Surely these (and plenty of others) should keep me busy for a while. They are all from the Book Depository, and they are books I've accumulated over the last month or so (I really didn't buy them all at once!).
After reading The Flowers of the Field I knew I would eventually want to read the sequel, A Flower That's Free. The next book begins in 1936 and is set in Kenya and England. It continues the story of the next generation of Kingsleys and covers WWII.
Not too long ago I read a short story by W. Somerset Maugham and thought how much I would love to read more of his work. So I picked up The Merry-Go-Round, which is three connected short stories (well, long short stories) "that portrays a wide spectrum of life in the backstreets, suburbs, and society of Edwardian London." I also liked the sound of Liza of Lambeth (his first published novel), which is meant to be a very realistic portrayal of slum life. I still need to find a proper collection of his stories.

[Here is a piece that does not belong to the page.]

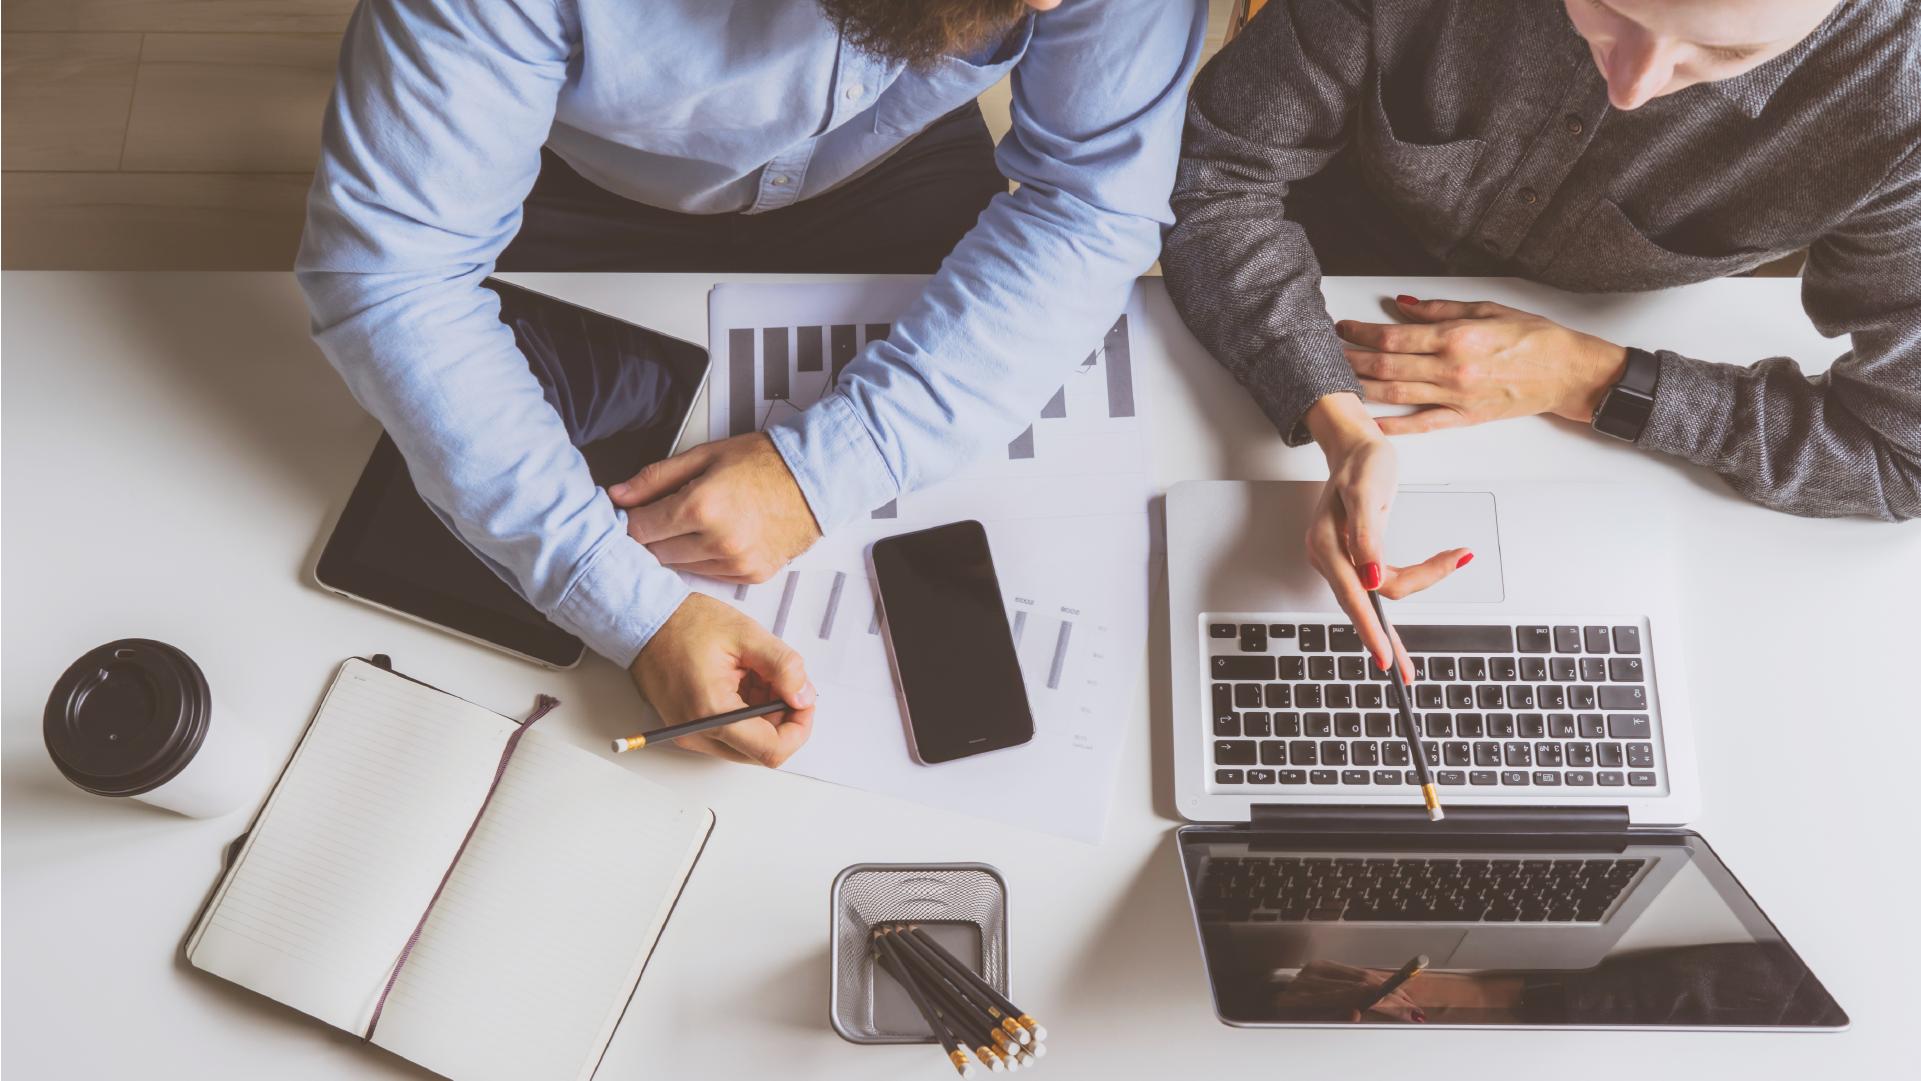 Está em dúvida sobre contratar uma consultoria de investimentos? Faça essas 4 Perguntas antes de tomar uma decisão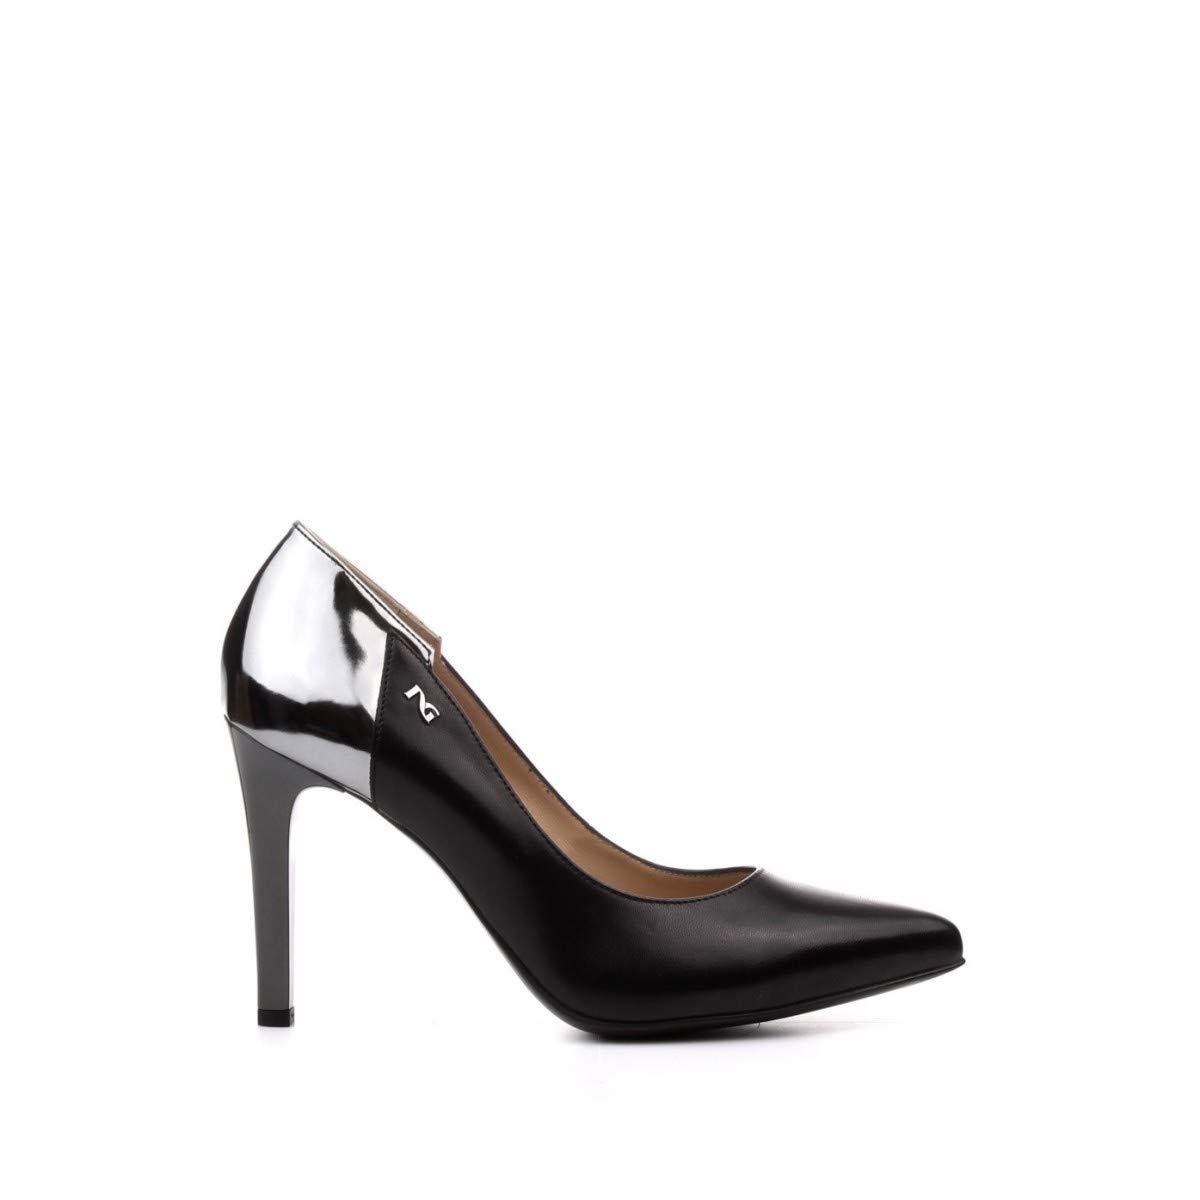 DECOLT NEROGIARDINI A909340DE100 A909340 9340 Zapatos DE Mujer EN Cuero Negro

Cornflower's Book Group is reading Margery Allingham's The Tiger in the Smoke for December, though am still working on the last book, Sue Gee's The Mysteries of Glass (am still thoroughly enjoying it, just taking my time with it). I've heard the Allingham is a bit on the dark side, and I'm looking forward to it.
Jane Gardam is another author who I have read a short story by (and then had to find more of her work). God on the Rocks was shortlisted for the Booker Prize.
Lilla's Feast by Frances Osborne sounds really good. Lilla was interned in a Japanese civilian camp in China during WWII. She apparently passed her time by writing a cookery book of sorts. It now is part of the Imperial War Museum's collection. She lived quite a long life, so I imagine this will be rich in history as well as personal narrative.
Black Diamonds: The Rise and Fall of an English Dynasty by Catherine Bailey is another nonfiction title (I've been racking them up lately). It's a true story--one that I suspect will read better than fiction. It tells the story of one family's "spectacular decline: of inheritance fights, rumors of a changeling and of lunacy, philandering earls, illicit love, heroism, a tragic connection to the Kennedys, violent death, mining poverty and squalor, and a class war that literally ripped apart the local landscape." Sounds like a page turner, doesn't it?
You do see why I always have a stack of books going at once?